Dean snorted. “We got something, all right. A corrupt wheel of self-promotion might be a better word for it.” 

“Right,” Cas agreed, after a long pause. “And then the government has people that make choices. And govern, I suppose. And people vote for them? Dean, is that right?” 

“Cas,” Dean said, seriously, “we’re not discussing politics in my kitchen.” 

“But --” 

Dean thrust the spatula in Cas’ face to make his point. “Especially not when we’re not even on Earth.”

“Dean,” Cas complained, good naturedly, “I do not think I can explain politics. I do not think I know enough about politics. That’s what I was asking.” 
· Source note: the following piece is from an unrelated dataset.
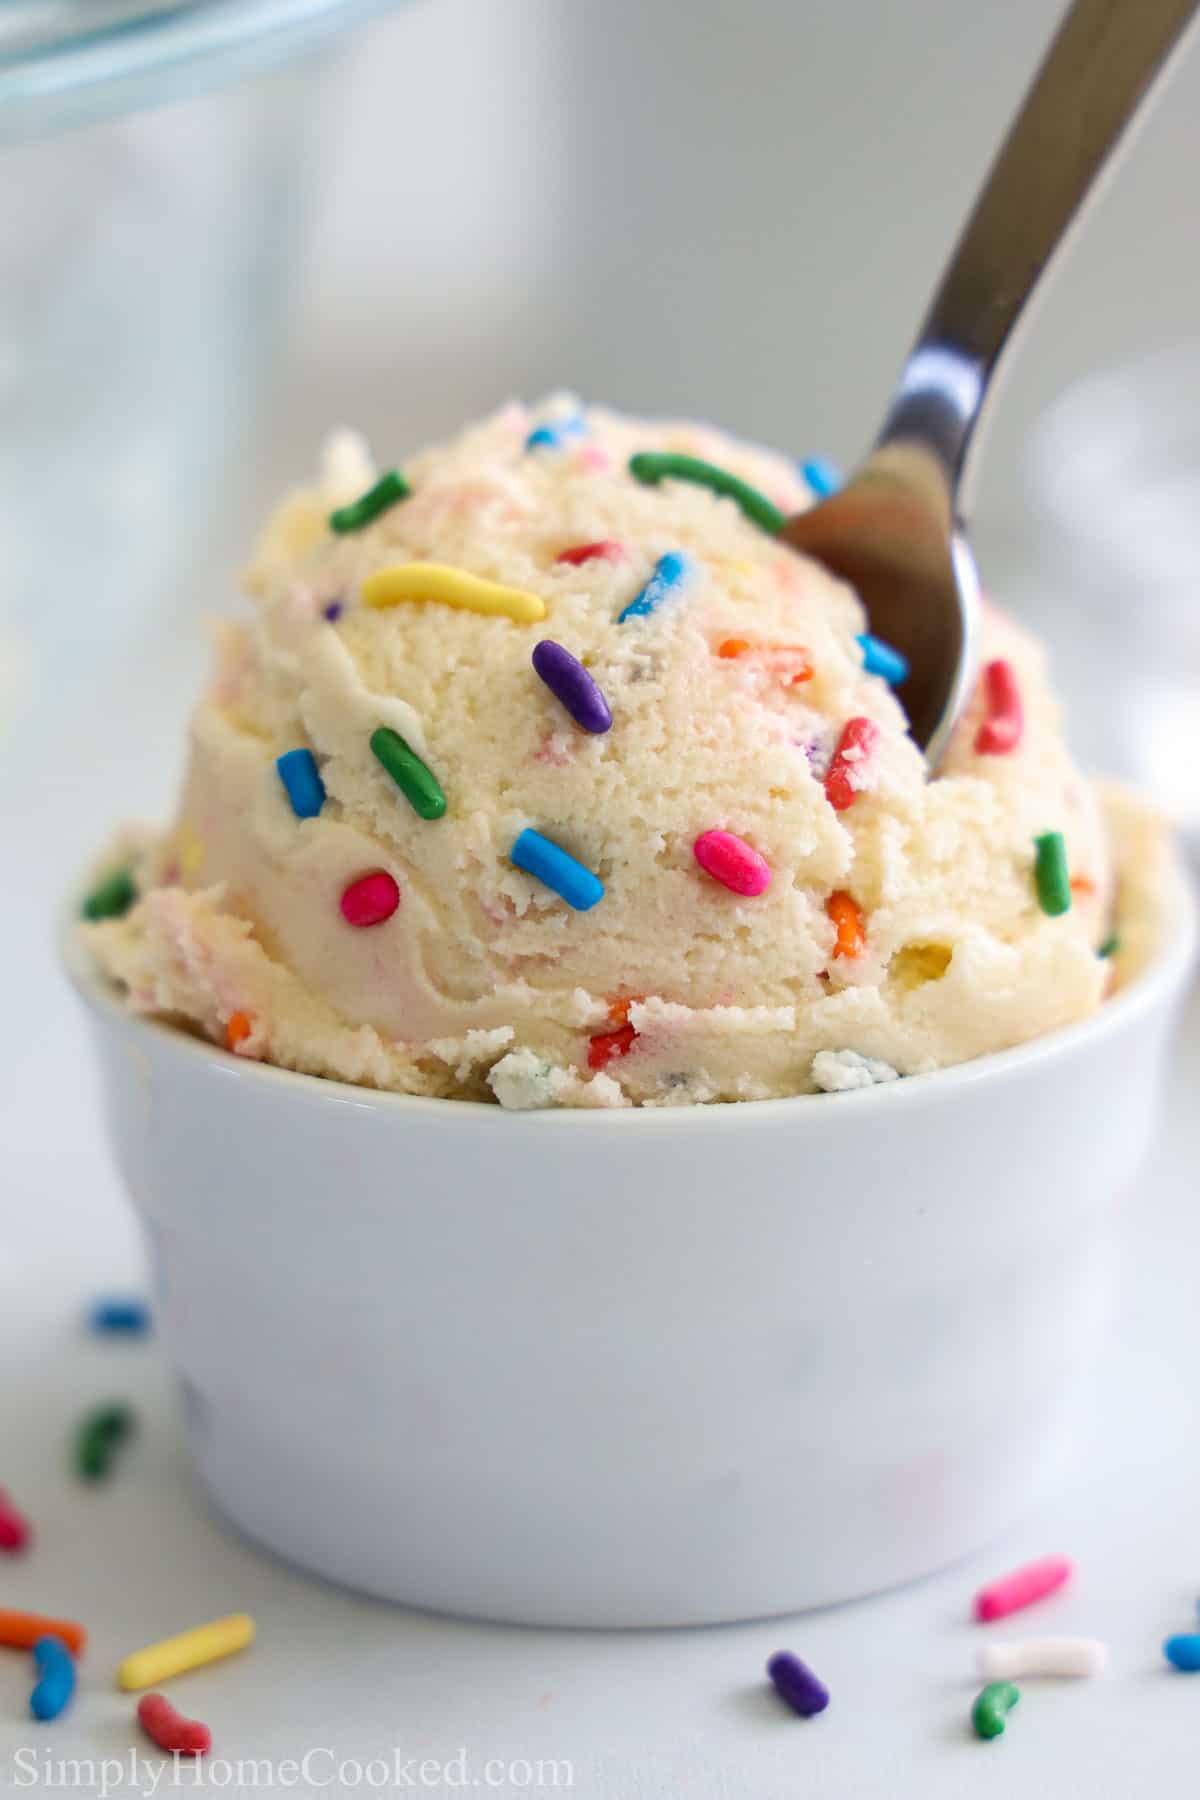 Vertical image of Edible Sugar Cookie Dough with rainbow sprinkles in a white cup

“Oh? You’re trying to look me in the eye and tell me that you don’t know anything about American politics and you don’t hold any political opinions of your own?” Dean asked and bit his lower lip. Because he was thinking. Not to get Castiel’s attention. Cas gave Dean a very unamused stare in response. “Which one of us became God and then started killing White Supremacists and Republicans again?” 

Cas doesn’t crumple at the reminder, which makes Dean want to pump his fist. They’ve been working on it -- guilt, and peace. That, and Cas’ dick game -- yeah, pretty strong already but, y’know, practice makes perfect and all. Dean smirked. 

“Dean.” 

“I’m just saying. I think you’re shifting yourself around to get out of an awkward political conversation with Jack and I’m telling you, you ain’t getting away with that in my kitchen.” 

“Dean,” Cas said again, but in his unbearably fond voice where he let the words just melt out his mouth. 

“You guys are going to burn the onions,” Jack complained. “Again.” 

Dean dragged his eyes away from Cas to glare at Jack. “These onions are going to be frigging perfect,” Dean told him. 

Jack did not look appropriately impressed and, worst of all, Cas stepped away. 

“Come on, Jack,” Cas told his son. “We should leave Dean be. He’s got a big meal to cook.” 

“I could help!” Jack volunteered eagerly. 

“You burn water,” Dean said. “You’re worse than your father. And your father is not good.” 

Cas turned his gaze balefully back to Dean. “I’m not that bad.” 

“You are that bad,” Dean insisted. “You’re worse, actually.” 

“Well,” Cas smirked, “I guess there is no reason for either of us to hang around here.” 

“You just wanted to get out of responsibility for tonight,” Dean accused. 

Cas didn’t bother hiding his smile. If he was a more expressive man shaped being, Dean was sure he’d be laughing at him. “Goodbye, Dean. We’ll be back at -- six?” 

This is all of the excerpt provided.